- Directed by: Alan Bradley
- Produced by: Ben Scott P. Red Al Profit
- Starring: Seven the General Ziploc Moe Motsi Ski Roy Houston
- Cinematography: Alan Bradley
- Edited by: B.Marable
- Music by: Seven the General, Motsi Ski
- Distributed by: Long Range Distribution
- Release date: 2008;
- Running time: 82 minutes
- Country: United States
- Language: English

= Murder City: Detroit - 100 Years of Crime and Violence =

American film

Murder City: Detroit - 100 Years of Crime and Violence is a 2008 film which chronicles the story of gang violence in Detroit over the past 100 years and how it has affected the fabric of one of the oldest cities in the midwest.

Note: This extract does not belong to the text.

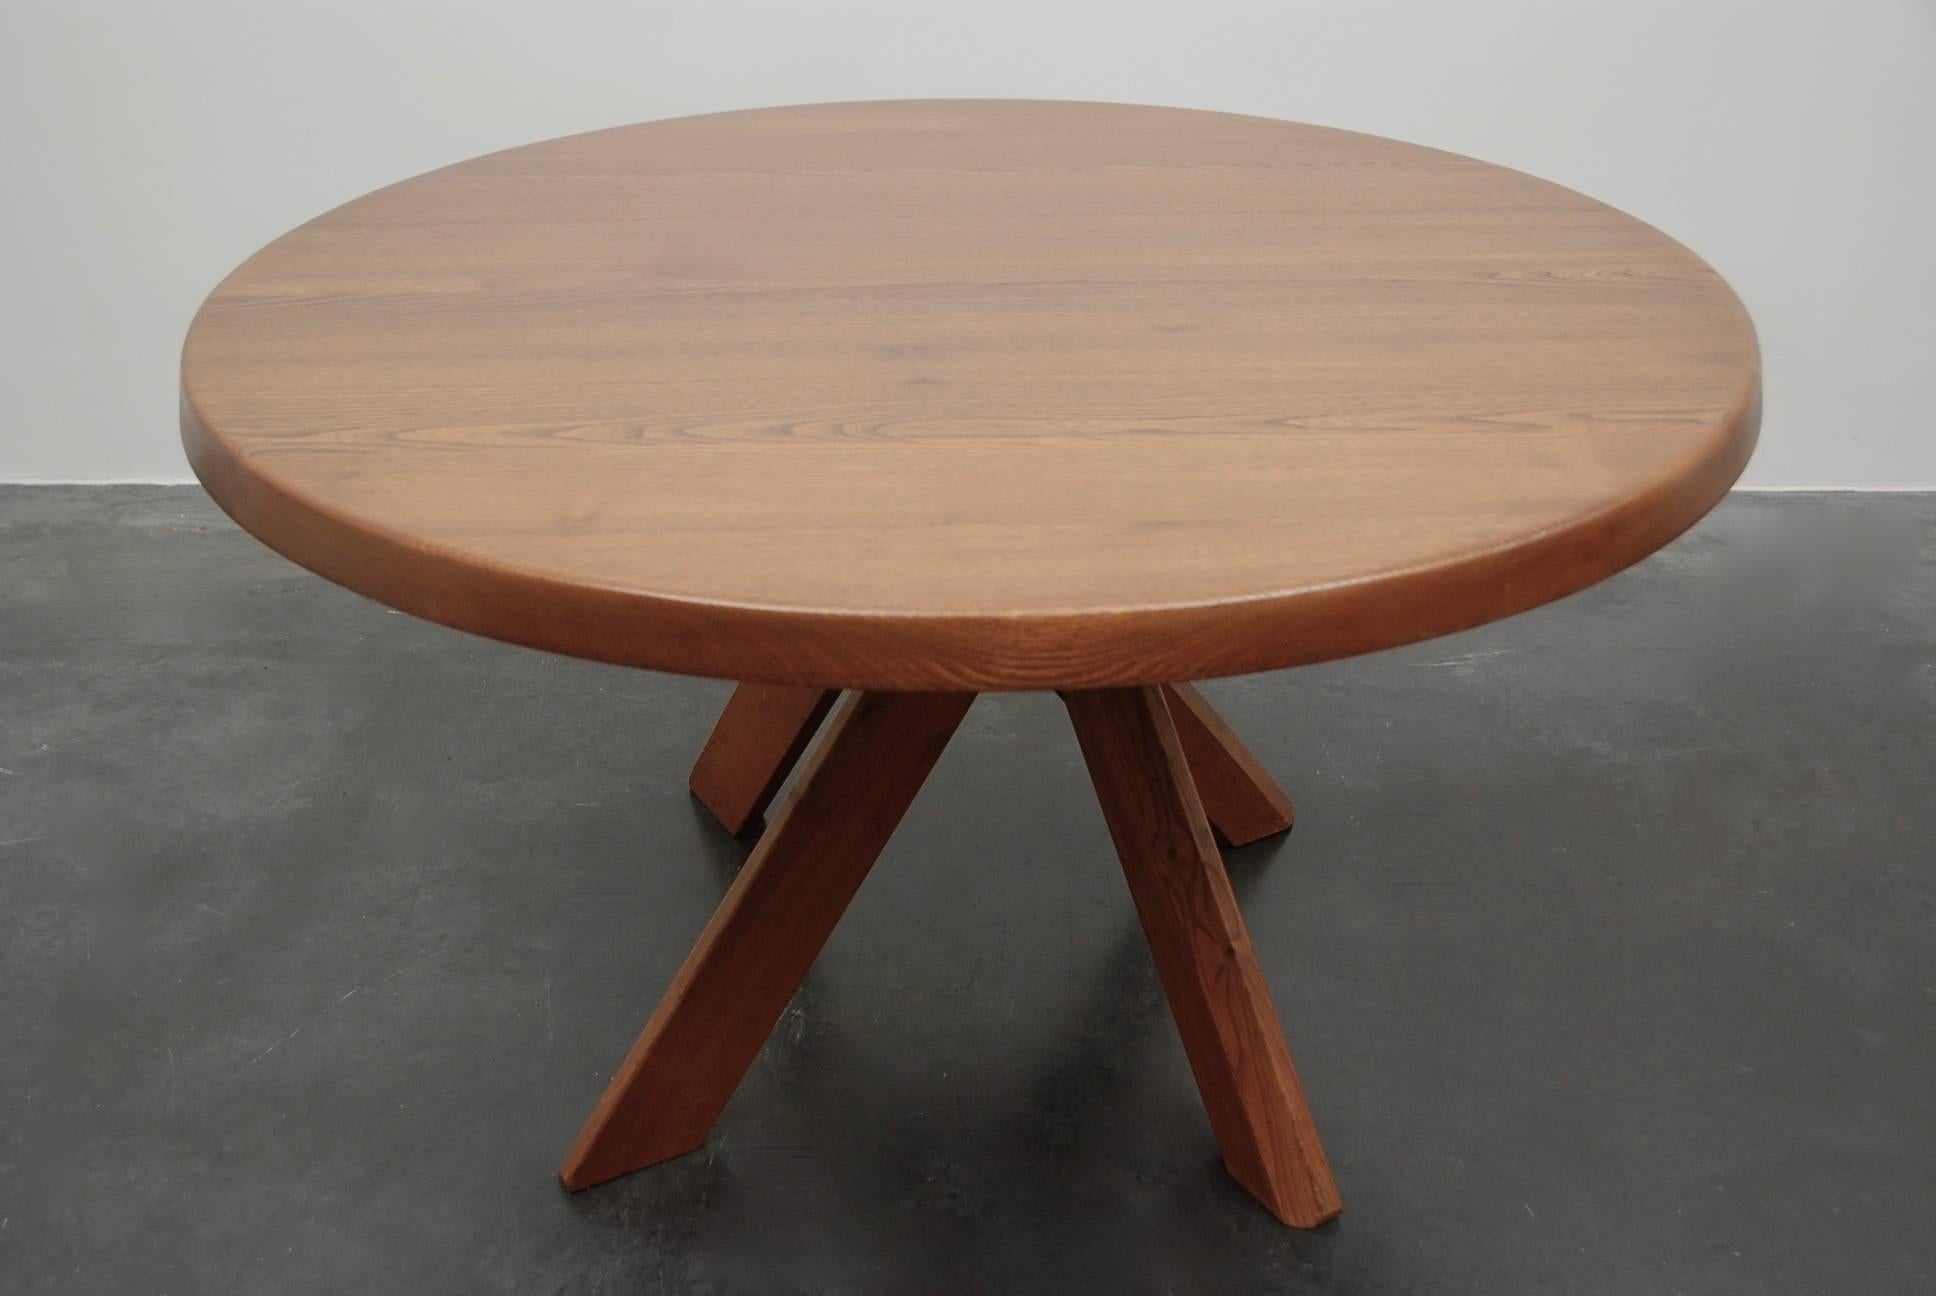 This very nice dining table, model type T21b, in solid elm is designed by master woodworker Pierre Chapo, France, 1960s.
The basic design and construction as well as the use of solid pine wood characterizes the work of Chapo.

Murder City is filmed documentary style and chronicles the cities notorious criminal past.

The stories of Detroit's notorious criminals are interspersed with real life drug stories in the film. Detroit legendary music artist Seven the General stars in the film and sheds light his history and ties with Young Boys Inc. Along with retired police officers, and "others tell their crime stories on film. They chronicle losing loved ones to violence, as well as their own experiences. The real life stories add a humanizing element."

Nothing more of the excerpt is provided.